Alluxio recently joined the Presto Software Foundation. Alluxio CEO, Steven Mih, appeared our YouTube show Let’s Talk. Here is a lightly edited version of that interview.
Swapnil Bhartiya: Let’s start with a bit about the Presto Software Foundation. What is it about? What do it do?
Steven Mih: The Presto Software Foundation is a project hosted under the Linux Foundation. It was created last year by companies like Facebook, Twitter, Alibaba and Uber. Alluxio is an open source project that is commonly used with Presto, the open source distributed SQL query engine, as well as other projects like Spark and TensorFlow. We support all these different frameworks. And since this was a foundation that was open to all, we decided to join it as one of the companies involved in that foundation.
Swapnil Bhartiya: If you look at the goals of the foundation, what value does Alluxio bring to it?
Steven Mih: The Linux foundation projects are all about open source, it’s helping grow the communities of these projects. With the Presto Foundation being hosted under the Linux Foundation, we work in an open source way to help develop the community and increase the adoption of the Presto project.
Alluxio is often used under Presto, so the value we bring is around accelerating the data to that. We recently developed a preview which now allows users to transform the data into the format that Presto is looking for. So we’re pretty excited about those things and we’ll be talking about that at PrestoCon that’s coming up at the end of March.
Swapnil Bhartiya: Can you also explain how people, companies, developers using Alluxio with Presto and also give example of some of the major use cases that you can talk about openly?
Steven Mih: One of the big use cases is that Presto is designed to query anything anywhere. It has connectors to different data sources, which can be in remote places.
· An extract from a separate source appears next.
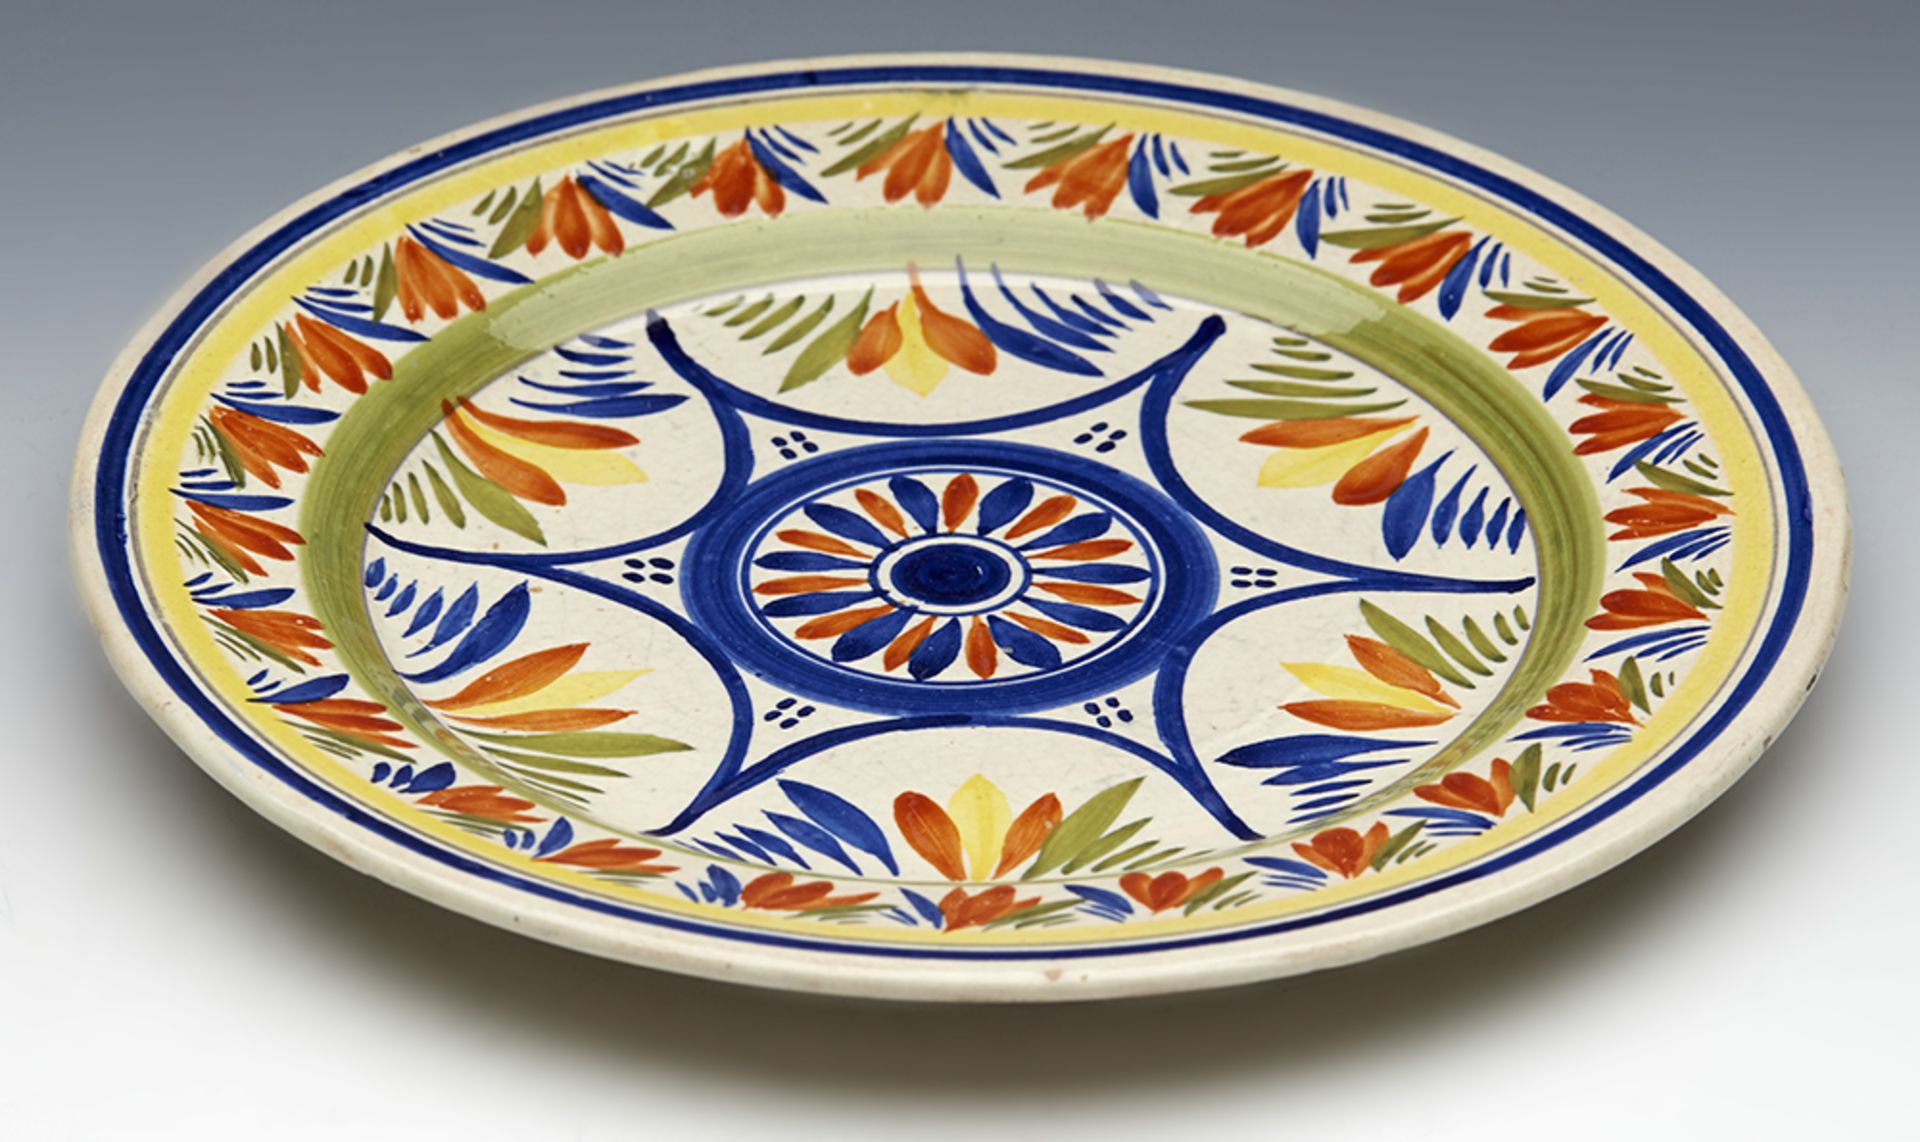 HENRIOT QUIMPER FAIENCE GEOMETRIC PATTERNED PLATE C.1925 - Image 7 of 7

That’s where Alluxio is co-installed with Presto workers which allows users to make that data to be available and local. The result of that is extremely high performance.
In today’s customer environment, they oftentimes are doing more multi-cloud or hybrid and they have data in different sources. There could be data on prem. They can’t necessarily get to the cloud yet, or vice versa. There may be S3 buckets somewhere that they need access to. Alluxio makes all of that seamless for the Presto users.
Swapnil Bhartiya: Can you elaborate that a bit?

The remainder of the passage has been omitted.